Inserm-EPHE-Université de Caen/Basse-Normandie, Unité U923, GIP Cyceron, CHU Côte de Nacre, Caen, France.
Brain (Impact Factor: 10.23). 06/2009; 132(Pt 8):2058-67. DOI: 10.1093/brain/awp132
Source: PubMed

ABSTRACT A sensitive marker for monitoring progression of early Alzheimer's disease would help to develop and test new therapeutic strategies. The present study is aimed at investigating brain metabolism changes over time, as a potential monitoring marker, in patients with amnestic mild cognitive impairment, according to their clinical outcome (converters or non-converters), and in relation to their cognitive decline. Seventeen amnestic mild cognitive impairment patients underwent magnetic resonance imaging and 18FDG-positron emission tomography scans both at inclusion and 18 months later. Baseline and follow-up positron emission tomography data were corrected for partial volume effects and spatially normalized using magnetic resonance imaging data, scaled to the vermis and compared using SPM2. 'PET-PAC' maps reflecting metabolic per cent annual changes were created for correlation analyses with cognitive decline.

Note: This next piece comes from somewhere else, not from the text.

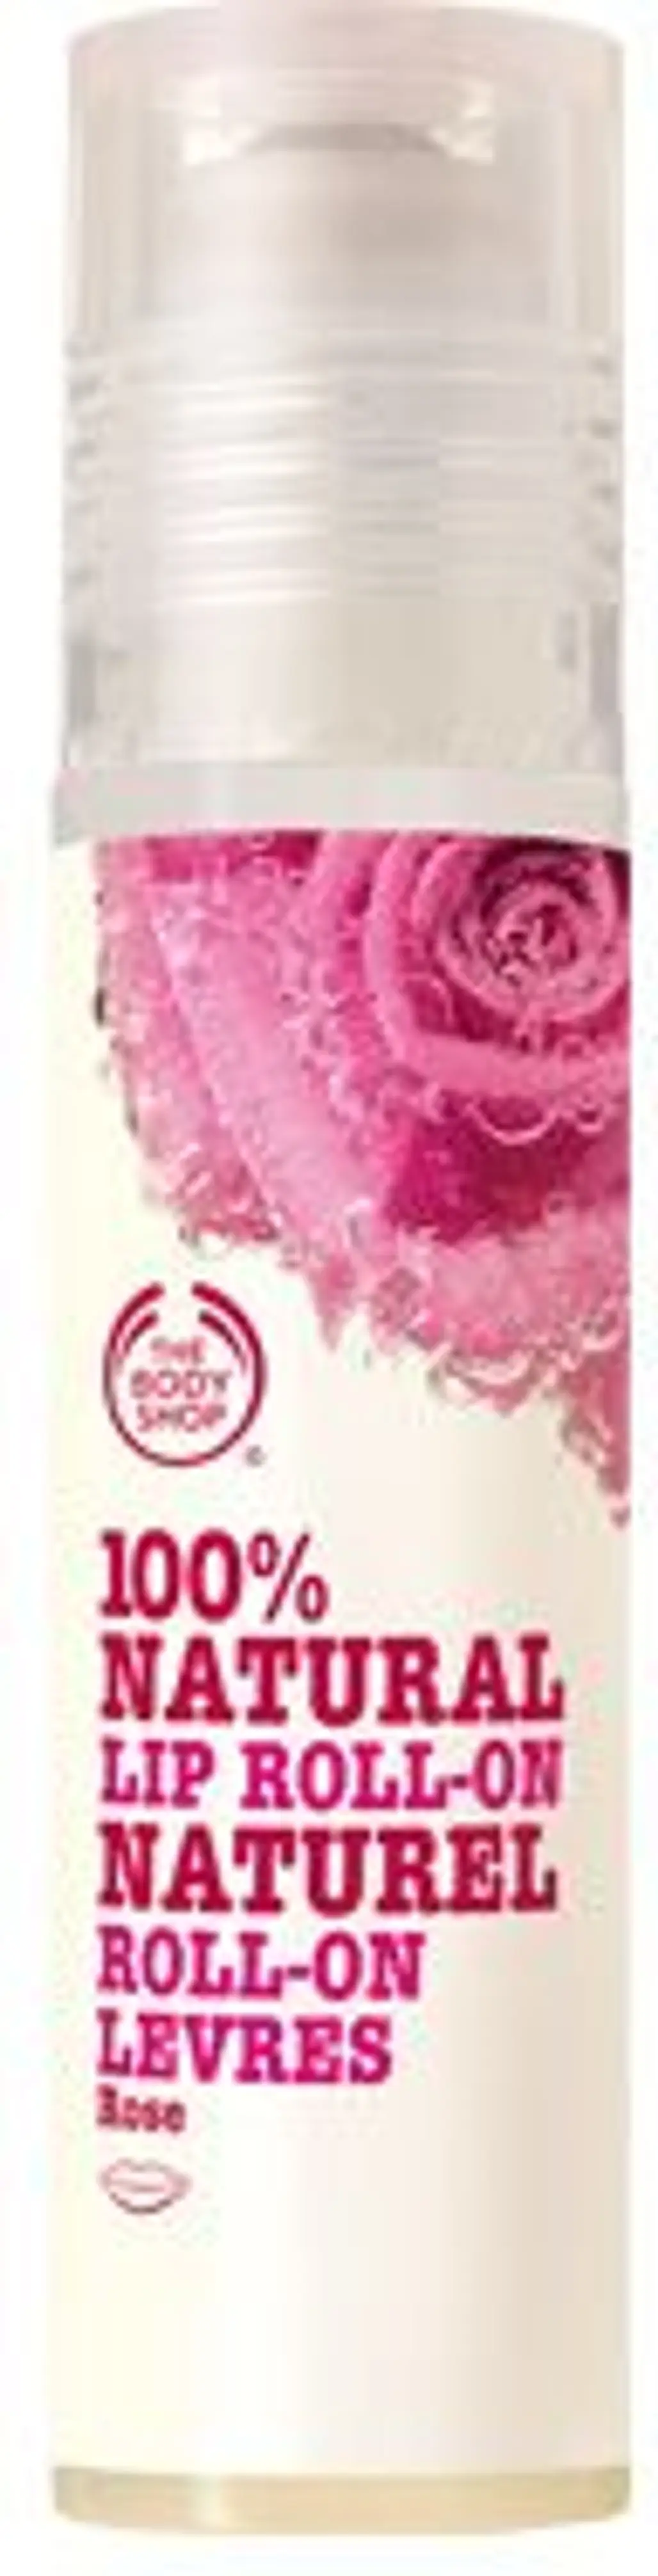 The Body Shop 100% Natural Lip Roll-on Rose
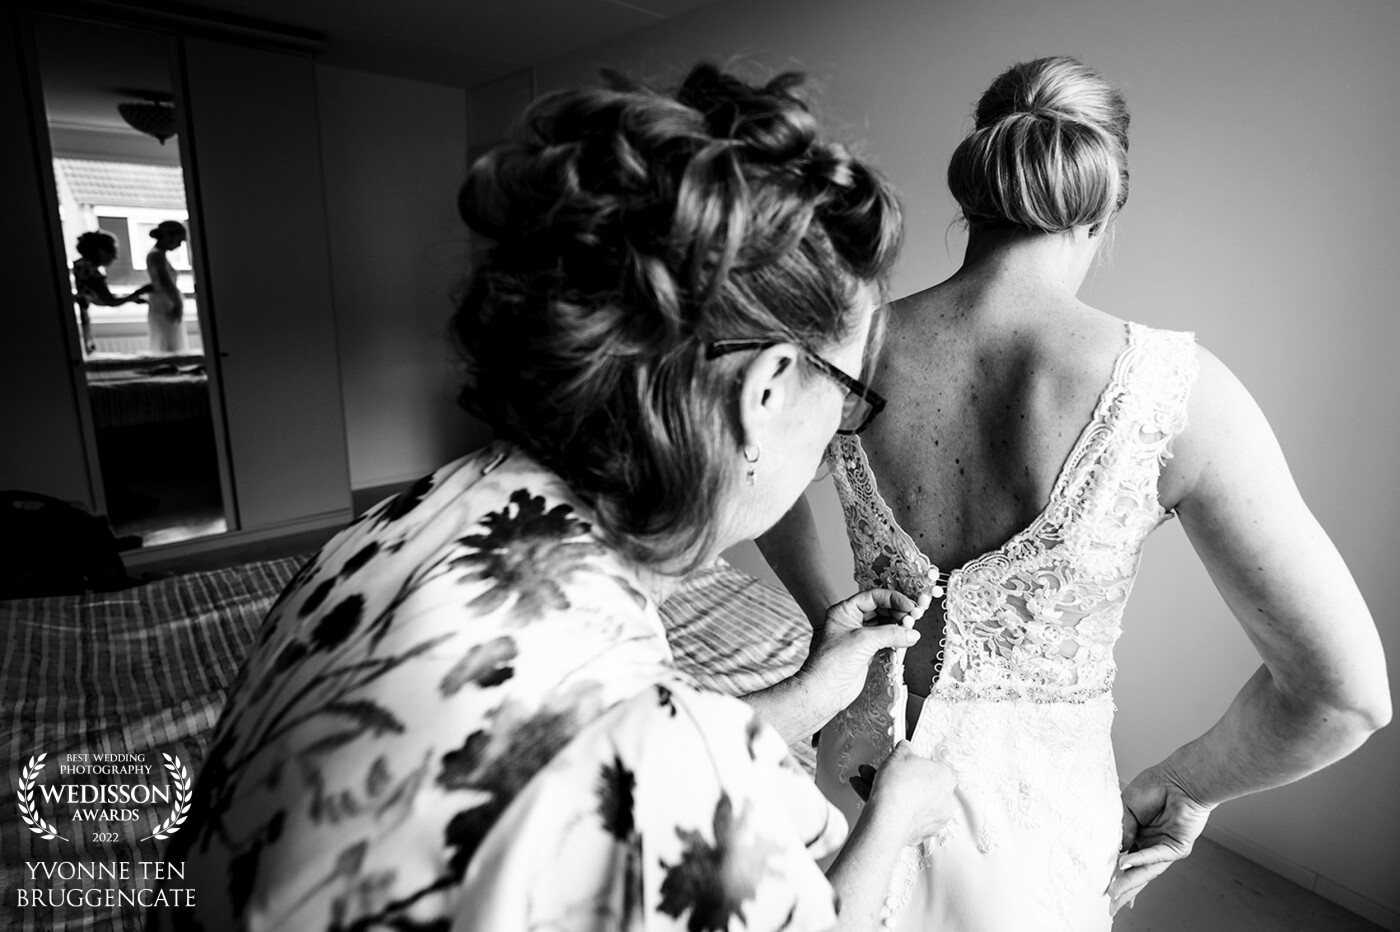 Getting ready in the sleeping room of her parents. Away from the chaotic hair and make-up room. Just some quit time alone for the mother of the bride and het daughter. Such a special moment together!

In the whole sample, the greatest metabolic decrease concerned the posterior cingulate-precuneus area. Converters had significantly greater metabolic decrease than non-converters in two ventro-medial prefrontal areas, the subgenual (BA25) and anterior cingulate (BA24/32). PET-PAC in BA25 and BA24/32 combined allowed complete between-group discrimination. BA25 PET-PAC significantly correlated with both cognitive decline and PET-PAC in the hippocampal region and temporal pole, while BA24/32 PET-PAC correlated with posterior cingulate PET-PAC. Finally, the metabolic change in BA8/9/10 was inversely related to that in BA25 and showed relative increase with cognitive decline, suggesting that compensatory processes may occur in this dorso-medial prefrontal region. The observed ventro-medial prefrontal disruption is likely to reflect disconnection from the hippocampus, both indirectly through the cingulum bundle and posterior cingulate cortex for BA24/32, and directly through the uncinate fasciculus for BA25. Altogether, our findings emphasize the potential of 18FDG-positron emission tomography for monitoring early Alzheimer's disease progression.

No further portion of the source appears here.